No deficit in dollars to finance Libya war

Updated: August 4, 2011 4:20PM



What is all this crazy talk about the United States government spending too much money and running up huge bills it cannot pay? Why all this shrieking and hair-pulling on Capitol Hill over deficit reduction and increasing the debt limit?

Talk about a tempest in a tea bag. The United States is rolling in dough. We have so much of it, in fact, that we are dropping it on foreign countries. In the form of bombs and missiles.

We are so rich, we are financing our third war, this one in Libya, and picking up not only our own costs, but much of NATO’s costs, as well.

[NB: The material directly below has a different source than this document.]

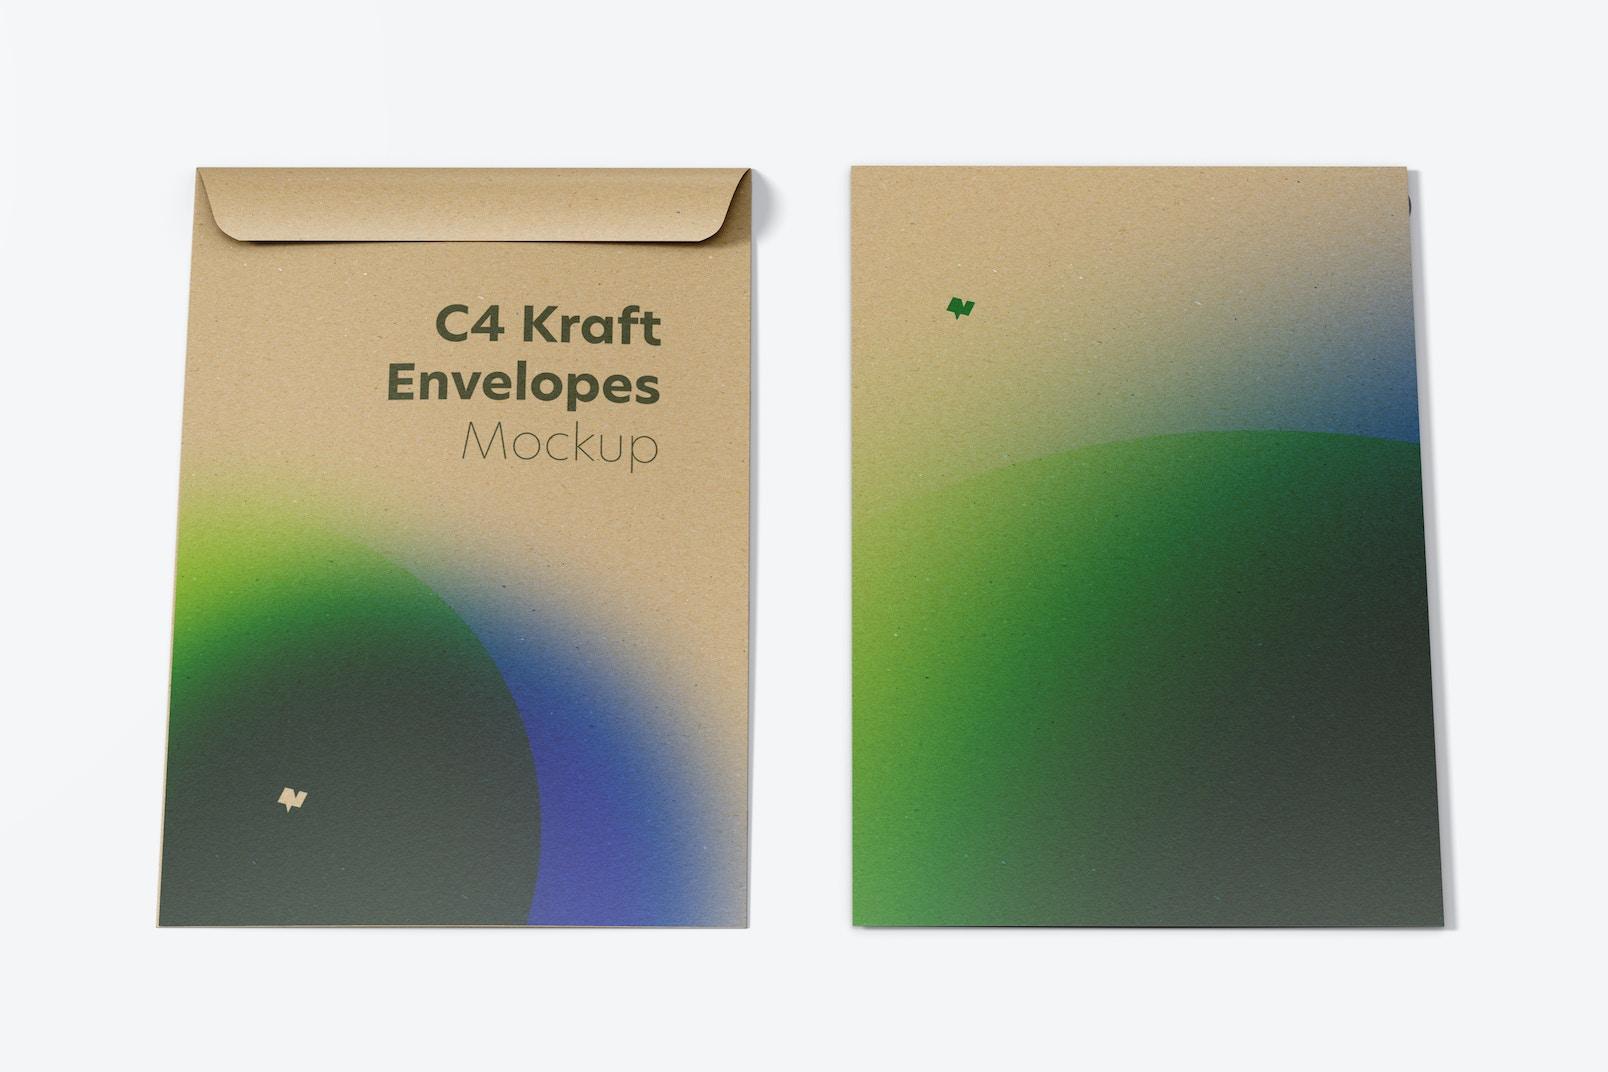 C4 Kraft Envelopes Mockup, Front View

On March 18, President Obama said the United States would be actively involved in any military action against Libya for “days, not weeks.” Libya was going to be our abet-it-and-forget-it war. But here it is more than a month later, and we are still actively involved. The official Pentagon estimate is that the war in Libya cost us $608 million for the first 17 days.

Some think that is a laughable underestimate, except that nobody is laughing. Forbes reported at the end of March that “what looks like an inexpensive military operation in Libya is actually costing taxpayers about $2 billion per day.”

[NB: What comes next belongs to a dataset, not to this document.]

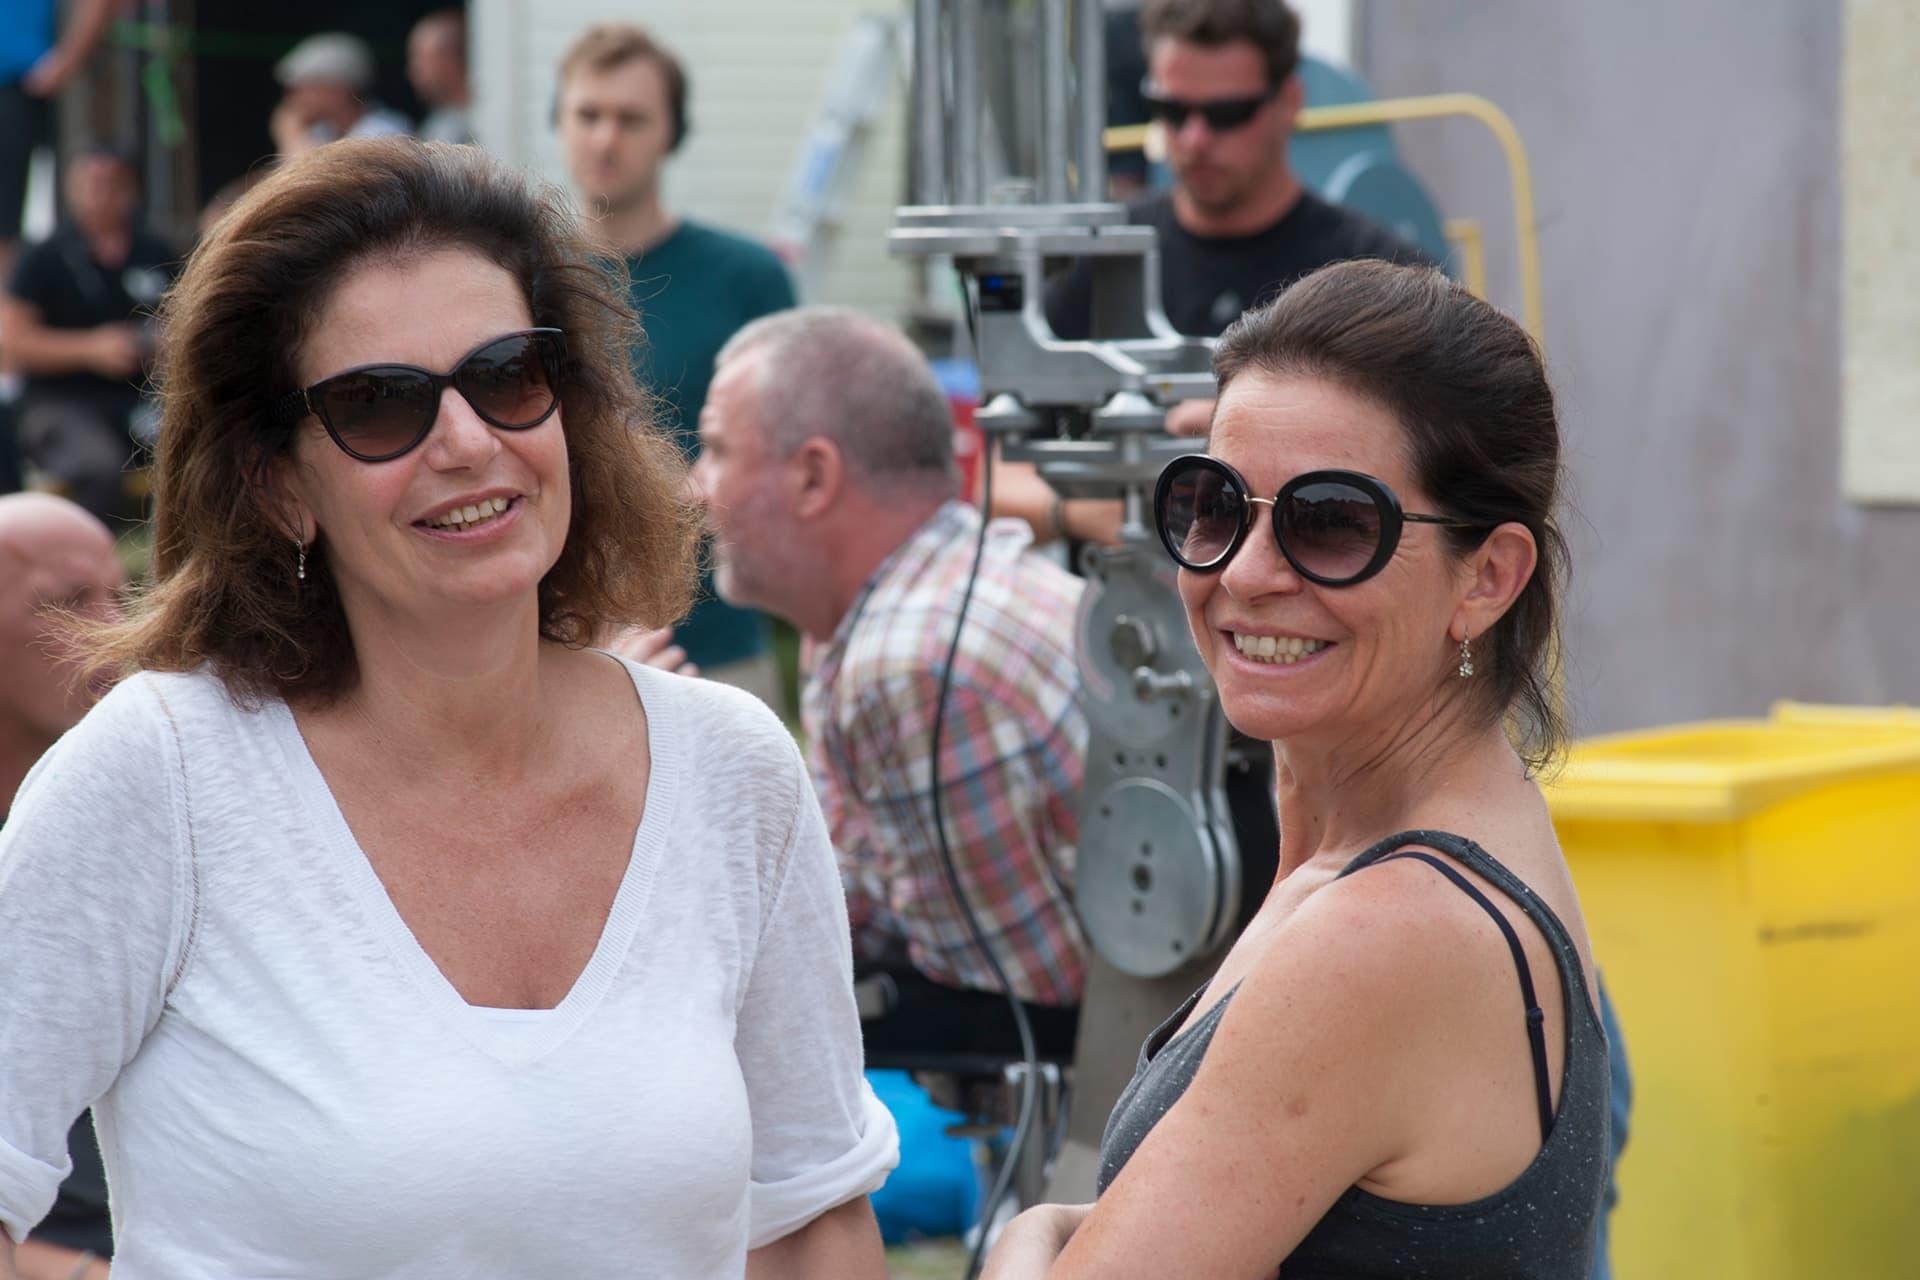 Co-producer Ildikó Kemény with Costume Designer Andrea Flesch on the set of X Company Season 3 in Budapest, Hungary.

Technically, the air war in Libya is being fought by NATO. But the U.S., in addition to paying for our own forces, pays about a quarter of NATO’s budget, about $811.7 million per year.

And how is NATO doing in Libya, by the way?

Not all that well.

According to a NATO spokesman: “Moammar Gadhafi is fighting a war on several fronts. What’s still not clear a month into the fight is whether the rebels have the ability to exploit Gadhafi’s weakness by mounting a new offensive, taking ground, holding it all while continuing to their march toward Tripoli.”

Oh, is that all?

Not all of NATO is engaged in Libya. Germany says it supports NATO’s goals but doesn’t want any part of the fighting.

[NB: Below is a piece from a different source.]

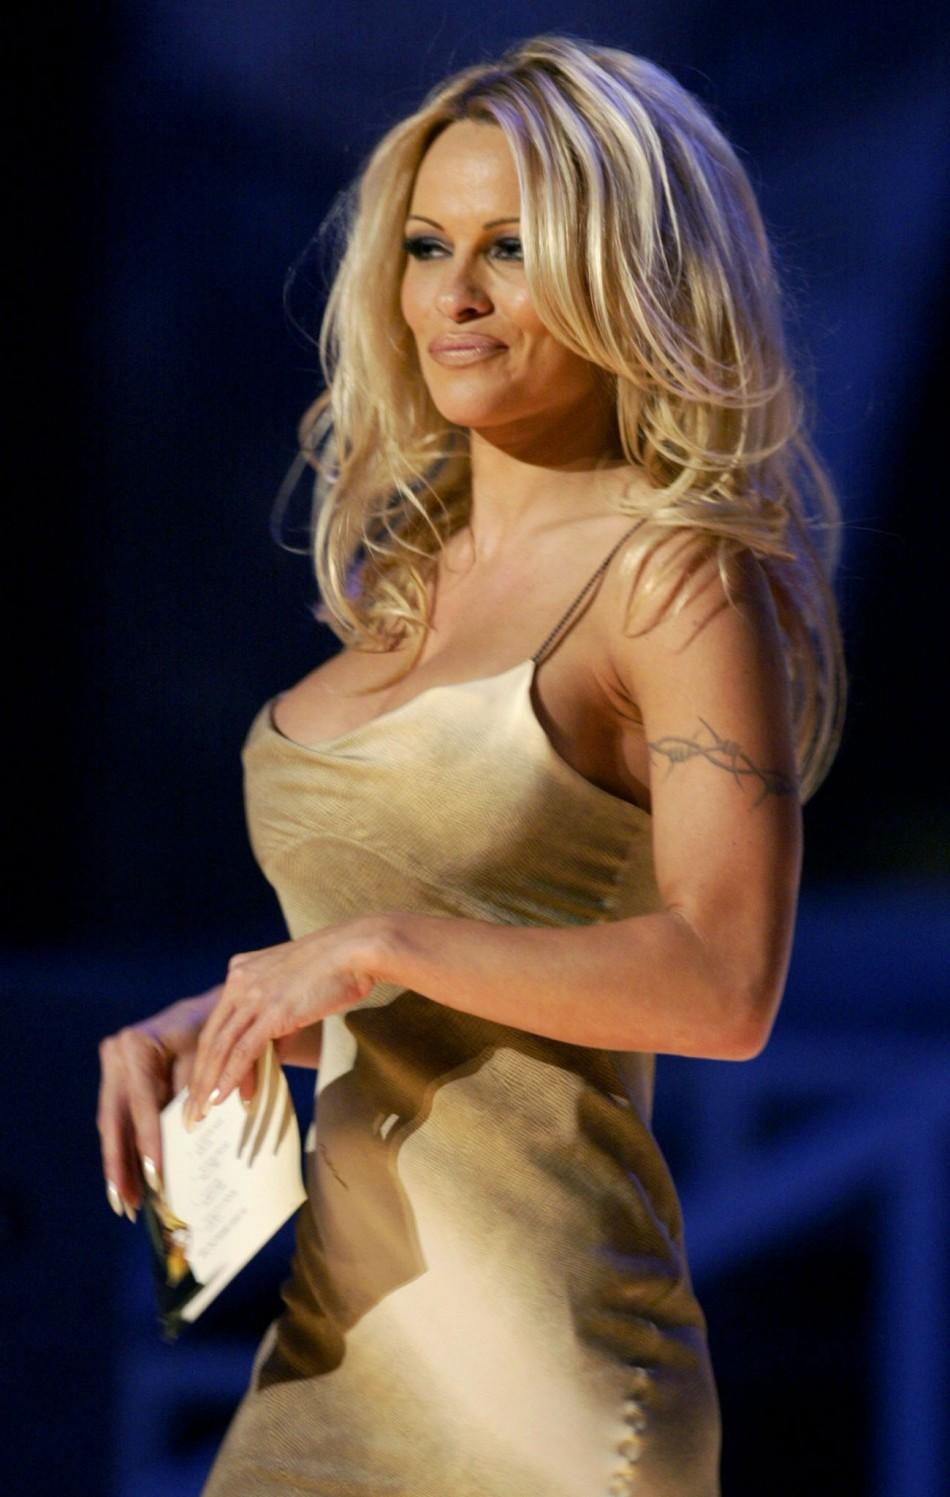 8. Pamela Anderson

Winslow Wheeler, director of the Straus Military Reform Project at the Center for Defense Information, says the German decision not to join in the mission reflects the divisions within NATO.

“Nobody attacked any NATO country, so I don’t know why NATO is involved,” Wheeler said. “The German decision is a more appropriate one than the American decision. They don’t see the rest of the world as their problem.”

But we do. President Obama appears to conflate the civil war in Libya with the Rwanda genocide of 1994, in which 500,000 to 1 million people were murdered. The numbers in Libya are nothing like that, but I suppose Obama can claim they would have been if the U.S. had not acted.

The U.S. and NATO were hoping airpower alone would be enough to defeat Gadhafi, but this no longer seems likely, and Britain, France and Italy are now moving military “advisers” into Libya.

“The big question is, how long does Gadhafi hold out?” asks Ray Dubois, a senior adviser at the Center for Strategic and International Studies. “He’s got a lot of gold bullion buried in the desert and lots of hundred-dollar bills hidden in suitcases. He’s not about to retire to the south of France.”

The European press is full of ominous references to “mission creep” and “Vietnam” and “exit strategies.” The NATO countries are not exactly rolling in euros these days, and there is talk that the fighting is already too expensive to be sustained for very long.

But Europe should take a page from the U.S. playbook: War is never too expensive. Heck, we are fighting three of them. Remember Iraq and Afghanistan? They haven’t gone away, we’re still paying for them, and according to an article in Stars and Stripes: “Joseph Stiglitz, who received the 2000 Nobel Prize for Economics, and Linda Bilmes, a public policy professor at Harvard University, predict the combined costs (including health care of vets) will likely push the true long-term cost of the wars over the $4 trillion mark.”

Which worries me a little: A trillion here, a trillion there, and pretty soon we are talking about real money.